Мы забудем о благонамеренной глупости Директории, наглядными примерами которой являются таланты Карно и бессмертная Итальянская кампания 1796–1797 годов.
Испорченность нравов при дворе Барраса еще напоминала о веселости старого режима; привлекательность г-жи Бонапарт показывала, что в ту пору у нас не было никакой предрасположенности к угрюмости и высокомерию англичан.
Глубокое уважение к образу правления первого консула, которое мы не сумели преодолеть в себе, невзирая на зависть Сен-Жерменского предместья, а также исключительно достойные люди, прославившие тогда парижское общество, такие как Крете, Дарю и им подобные, не позволяют нам возлагать на Империю ответственность за ту значительную перемену, которая произошла во французском национальном характере в течение первой половины XIX века.
Нет смысла дальше продолжать мой обзор: читатель поразмыслит и сам сделает правильный вывод…
Книга первая
Глава I
О любви
Я пытаюсь осмыслить это страстное чувство, все искренние проявления которого носят отпечаток красоты.
Есть четыре типа любви:
1. Страстная любовь: такова любовь португальской монахини, любовь Элоизы к Абеляру, любовь капитана из Везеля, любовь жандарма из Ченто [4].
[4] Друзья господина Бейля часто спрашивали его, кто такие эти капитан и жандарм; он отвечал, что позабыл их историю. П.М.

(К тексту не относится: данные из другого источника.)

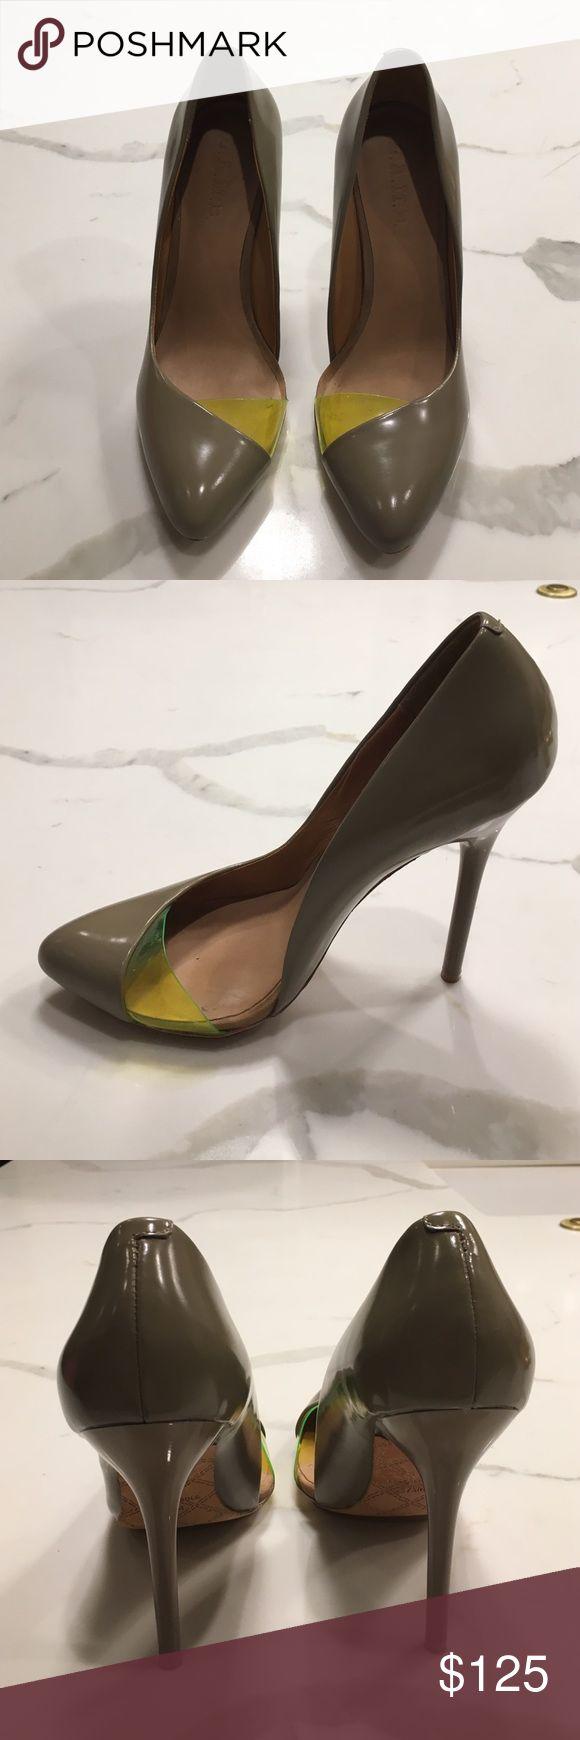 L.A.M.B. Tan/Neon Pump Heel L.A.M.B. Tan/Neon Pump Heel L.A.M.B. Shoes Heels
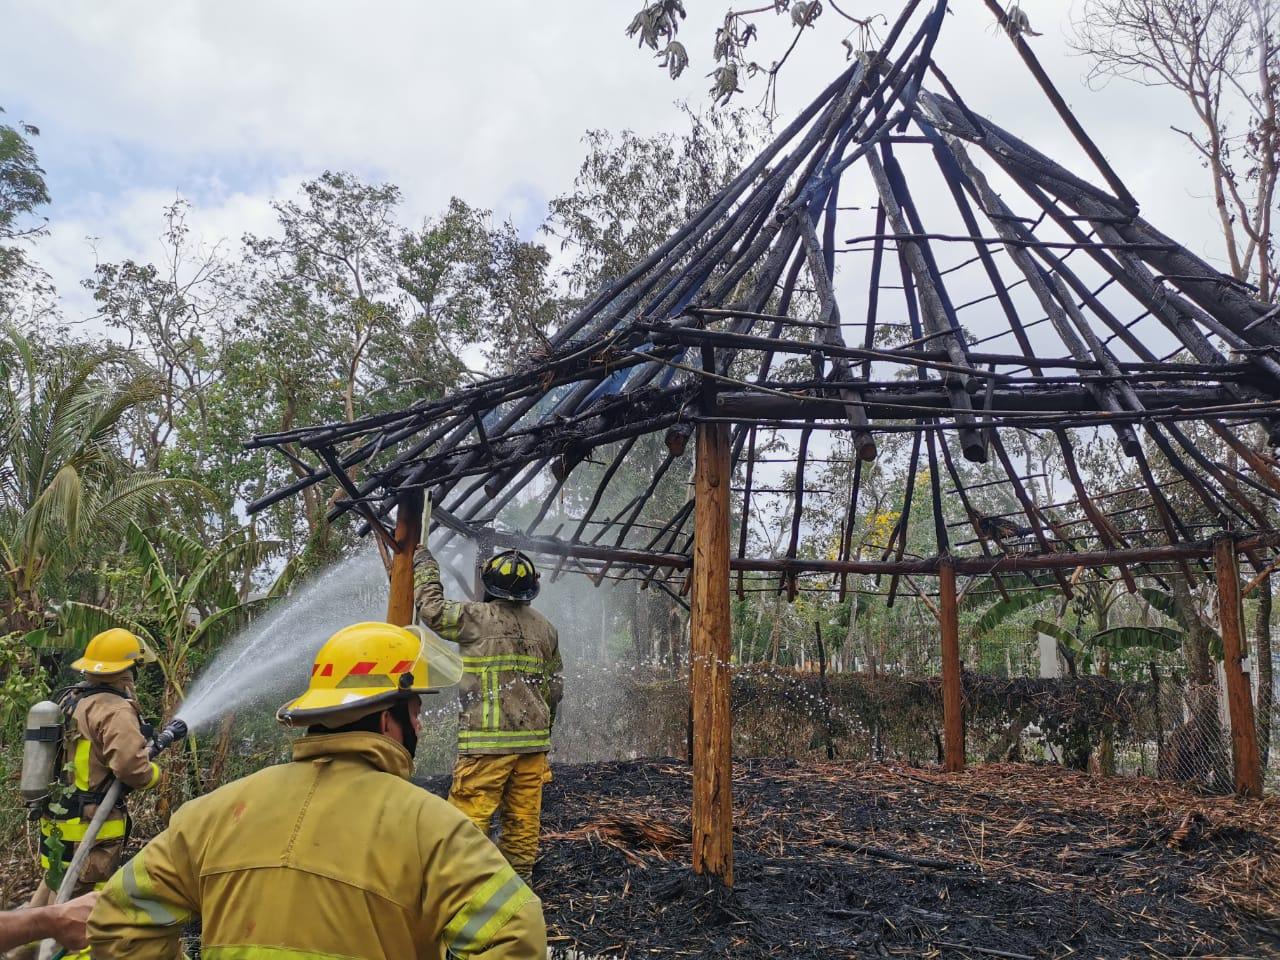 Bomberos extinguen incendio en un predio de la colonia Huertos Familiares de Cozumel

2. Манерная любовь: такая любовь господствовала в Париже около 1760 года, ее можно найти в мемуарах и романах того периода, у Кребильона, Лозена, Дюкло, Мармонтеля, Шамфора, г-жи д'Эпине и так далее, и так далее.
Это некая картина, где все, вплоть до теней, должно быть окрашено в розовый цвет, куда ни под каким предлогом не должно проникать ничего неприятного, иначе речь зайдет о неумении держать себя в обществе, о дурных манерах, о бестактности и так далее. Человек благородного происхождения знает заранее все приемы, которые ему надлежит использовать и с которыми ему придется столкнуться на различных стадиях такой любви; в ней нет никакого пыла и неожиданности, изящества в ней нередко больше, чем в истинной любви, ибо в ней всегда много ума; это сдержанная и красивая миниатюра по сравнению с картинами братьев Карраччи; страстная любовь отрешает нас от всех наших интересов, тогда как манерная любовь умело к ним приспосабливается. Правда, если отнять у этой скудной любви тщеславие, от нее мало что останется; лишившись тщеславия, она уподобляется выздоравливающему, ослабевшему до такой степени, что он едва может передвигаться.
3. Физическая любовь.
Погоня за красивой и свежей крестьянкой, убегающей в лес. Всем знакома любовь, основанная на такого рода удовольствии; каким бы черствым и жалким ни был человек, именно с этой охотничьей радости он начинает в шестнадцать лет.
4. Тщеславная любовь.
Подавляющее большинство мужчин, особенно во Франции, желают обладать той женщиной, которая в моде, и владеют ею как красивой лошадью, как необходимым атрибутом роскоши молодого человека. Более или менее услаждаемое и подстегиваемое тщеславие способно породить восторженный порыв. Порой тут присутствует и физическая любовь, но не всегда; частенько нет даже физического удовольствия. «Для буржуа герцогине всегда тридцать лет», – говорила герцогиня де Шольн; а люди, близкие ко двору такого справедливого человека, как король Людовик Голландский, до сих пор весело вспоминают одну хорошенькую женщину из Гааги, которая решалась прельститься мужчиной лишь в том случае, если тот был герцогом или принцем. Однако, едва при дворе появлялся принц, она, будучи верной монархическому принципу, тотчас давала отставку герцогу, тем самым олицетворяя собой награду за добросовестную дипломатическую службу.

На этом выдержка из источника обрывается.